Created attachment 769931 [details] emerge --info from IP30
Per bug 753740, we always use /usr/lib/locale, not /usr/LIBDIR/locale. Does the /usr/lib/locale directory exist? If not, could you try creating an empty directory there, and then run locale-gen? If that resolves the issue, we might just need to add a keepdir to the glibc ebuild.
Also, it would be helpful to know if /usr/share/i18n/charmap/{ISO-8859-1,UTF-8}.gz exist when the "bad" version if glibc is installed.
That should be /usr/share/i18n/charmaps/{ISO-8859-1,UTF-8}.gz
(In reply to Mike Gilbert from comment #2) > Per bug 753740, we always use /usr/lib/locale, not /usr/LIBDIR/locale. > > Does the /usr/lib/locale directory exist? If not, could you try creating an > empty directory there, and then run locale-gen? > > If that resolves the issue, we might just need to add a keepdir to the glibc > ebuild. I unfortunately had to restore the machine to a working state, so unpacking the older glibc will have covered up the cause (most likely). However, I DO recall from memory that /usr/lib/locale/ existed and it contained a single file, locale-archive, which was 102KB in size. I had an older /usr/lib32/locale directory sitting around from Oct 2020, with a locale-archive in it that was 4.7MB. Copying that /usr/lib/locale/ briefly got localedef (I think) to spit out the configured locales. Attempting to re-run locale-gen failed, which truncated the file back to 102KB. (In reply to Mike Gilbert from comment #4) > That should be /usr/share/i18n/charmaps/{ISO-8859-1,UTF-8}.gz Per /var/db/pkg/sys-libs/glibc-2.35-r2/CONTENTS: obj /usr/share/i18n/charmaps/ISO-8859-1.gz 21d6f776f2e0c4619960d57bd0ede2e3 1649622164 obj /usr/share/i18n/charmaps/UTF-8.gz 03ca795f88045e90ba6b03895f087180 1649622172 So yes, they existed.

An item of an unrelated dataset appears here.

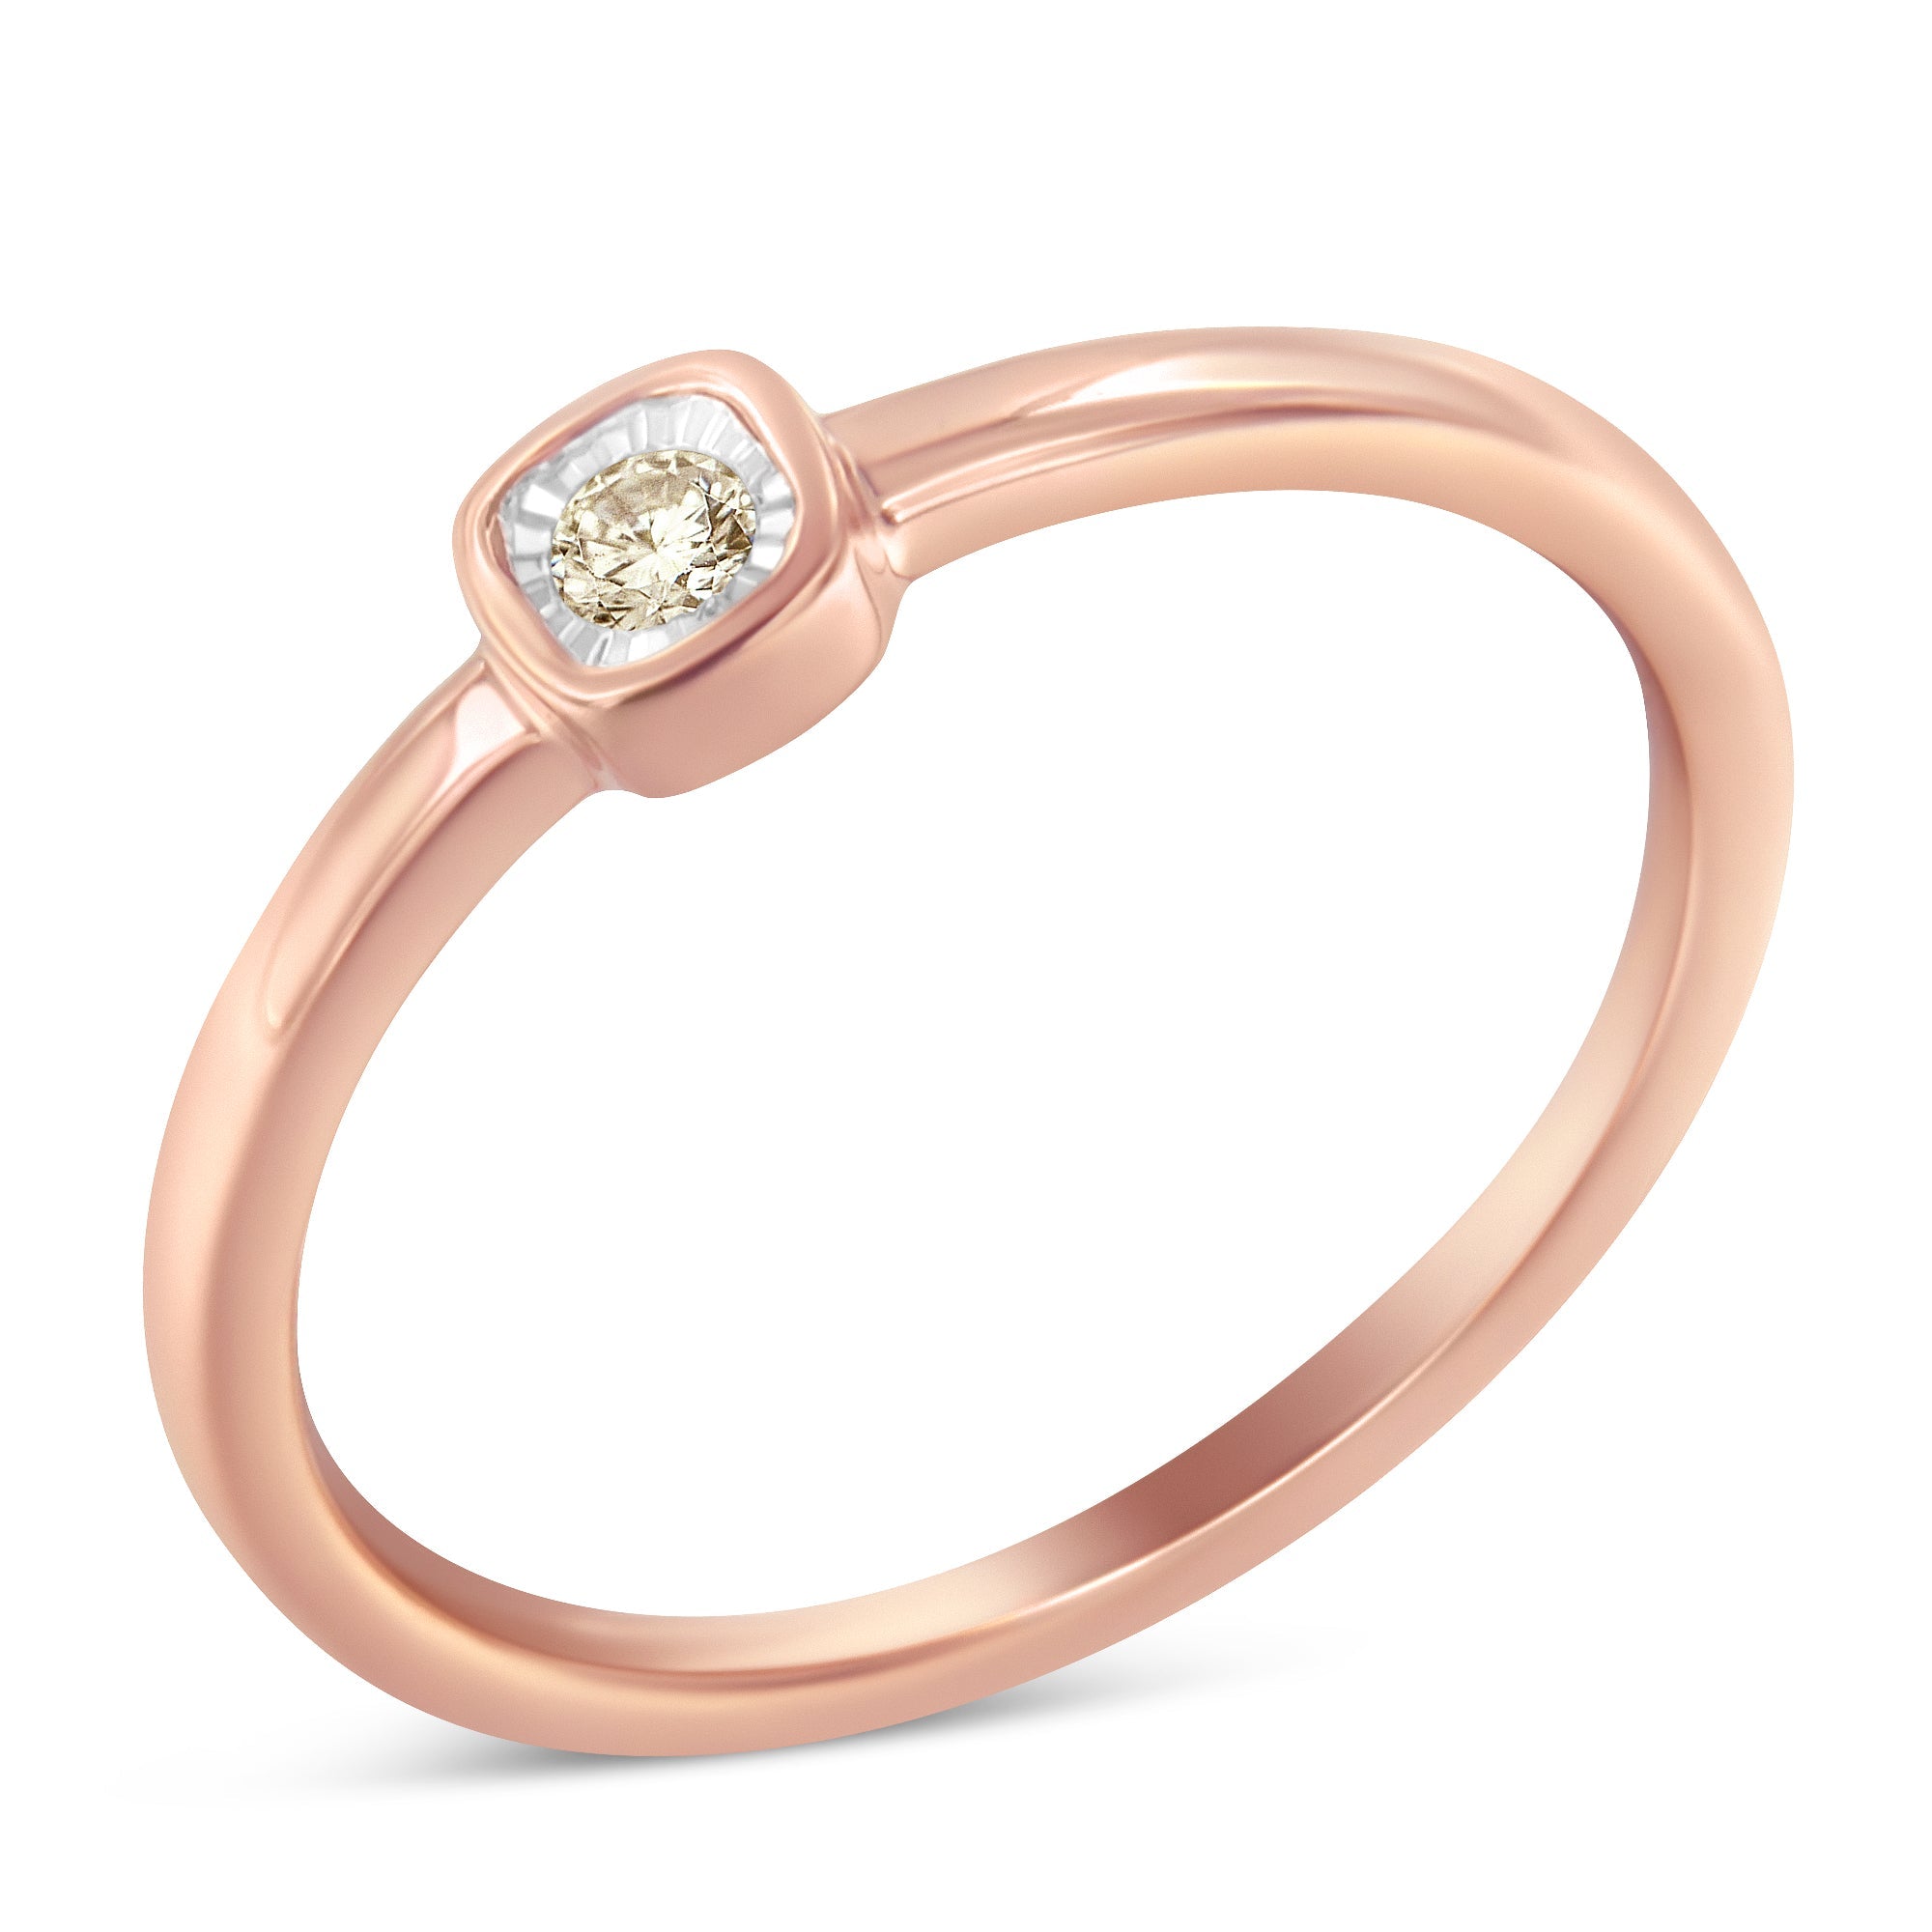 14K-Rose-Gold-Plated-.925-Sterling-Silver-1/20-Carat-Diamond-Square-Cushion-Shaped-Miracle-Set-Petite-Fashion-Promise-Ring-(J-K-Color,-I1-I2-Clarity)-Size-6-Rings

Created attachment 769934 [details] locale-gen -x output Managed to pull the full output of `locale-gen -x` from my scrollback buffer in my PuTTY client.
The filesystem layout looks ok to me. This would require further debugging. I would probably strace the localdef calls to see exactly what paths it is attempting to open.
(In reply to Mike Gilbert from comment #7) > The filesystem layout looks ok to me. This would require further debugging. > > I would probably strace the localdef calls to see exactly what paths it is > attempting to open. I've locally masked 2.35-rX for now. Letting it update to 2.34-r11 instead. If I get time tonight, I'll unmask 2.35 and step through the ebuild phases to 'install' on 2.35-r2 and then inspect the layout under the image directory to see if anything sticks out from 2.34. Maybe that will shed some light on the cause.
Created attachment 769952 [details] Output of 'qmerge' phase of manual ebuild run So here's the output of the 'qmerge' phase of manually rebuilding sys-libs/glibc-2.35-r2. Nothing seems out of the ordinary. Only libSegfault.so and catchsegv are removed, so I don't think those are libraries linked-to by anything outside of glibc. I'll post some info about localedef next.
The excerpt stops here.